You might be thinking: I do the same kinds of advertising as all the other CPAs in my market-surely it must be the “good” kind of advertising. But the worst mistake accountants make in marketing their CPA practices is assuming that because a lot of other practices use a particular kind of advertising, that kind of advertising must produce results. So, like lemmings, they all keep wasting money on a traditional kind of advertising that really doesn’t produce results.
Are you throwing good advertising dollars into a black hole?
You are, if you spend your advertising budget on institutional ads (also known as image ads). You know what they look like: the name of your firm in a tasteful font, a few lines of text or bullet points listing the services you offer, your phone number and address. We are so surrounded by institutional ads that we might come to think of them as “standard” ads. They’re in the yellow pages, the newspaper, local newsletters and magazines, and even now on the internet.
Don’t be an advertising lemming!
Just because everyone else takes out institutional ads doesn’t mean you need to do the same. Sure, you probably want to be in the phone book. But any money you spend on institutional ads could probably be better spent on direct-response advertising. A quick comparison of these two kinds of ads should help you to understand why institutional ads are just plain bad marketing, and direct response is just plain good.

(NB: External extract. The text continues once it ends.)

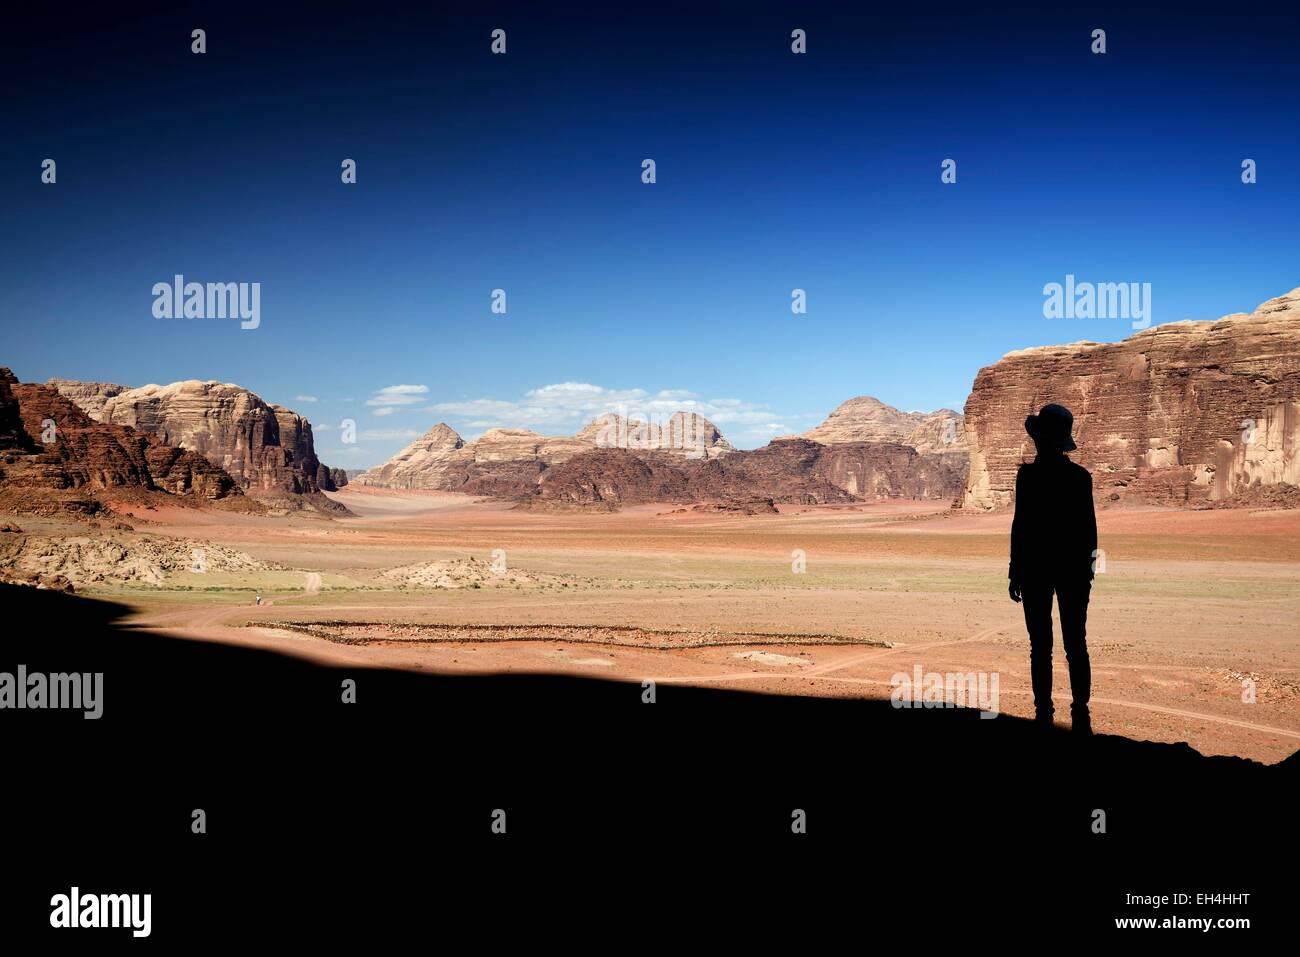 Jordania, Wadi Rum desert, espacio protegido catalogado como Patrimonio Mundial por la UNESCO, la silueta de una Imagen De Stock

What Is an Institutional Ad?
Most common form of advertising (unfortunately)
Also known as Image Ads
Lots of blank white space
Ad talks about you and how great you are
Doesn’t direct the potential buyer to a buying decision
Hopes to build “brand awareness”
Most times it is a waste of money
What Is a Direct Response Ad?
Ads that asks the prospect to respond directly
Focuses on the customer and his or her needs
Purpose is to stimulate a phone call, letter or visit.

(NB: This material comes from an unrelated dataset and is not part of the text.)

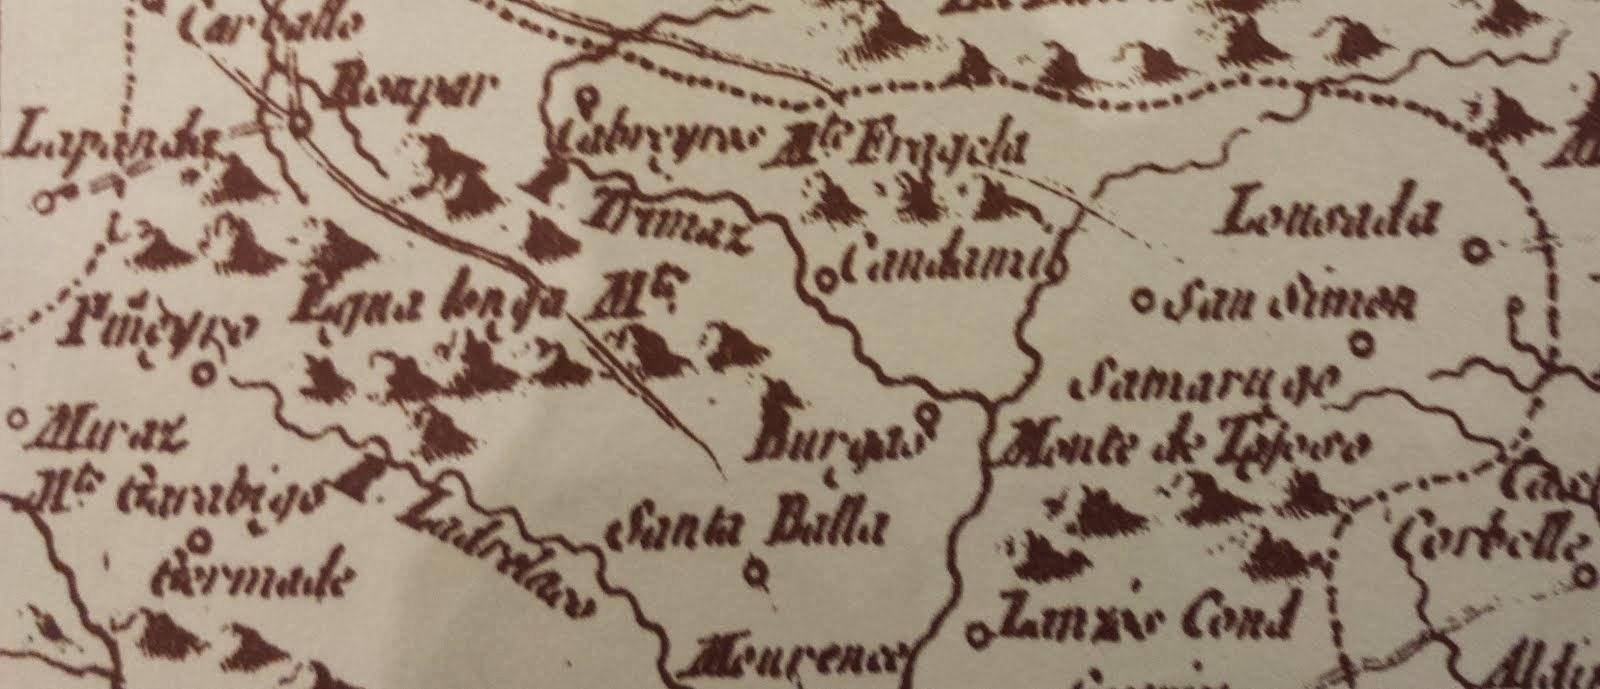 Toponimia do Concello de XERMADE

Can be tracked and made accountable
Direct response advertising makes a complete case for the practice and the services it provides. It overcomes sales objections. It answers all major questions. It promises results, backing up the promise with a risk-free, money-back guarantee. Direct response advertising is all about your customer and his or her needs. Its purpose is to stimulate a phone call, letter or a visit. Best of all, unlike an institutional ad, it can be tracked so you can make every dollar you spend on it accountable. This then helps to measure the effectiveness of each ad.
The bottom line is this: Direct response advertising turns prospects into clients, and institutional ads don’t. If you are going to spend money towards marketing your accounting practice, make sure you’ve taken the time to understand “good” marketing techniques. The results you will get from the latter will be dramatically different than following what most of your competitors do i.e. institutional advertising.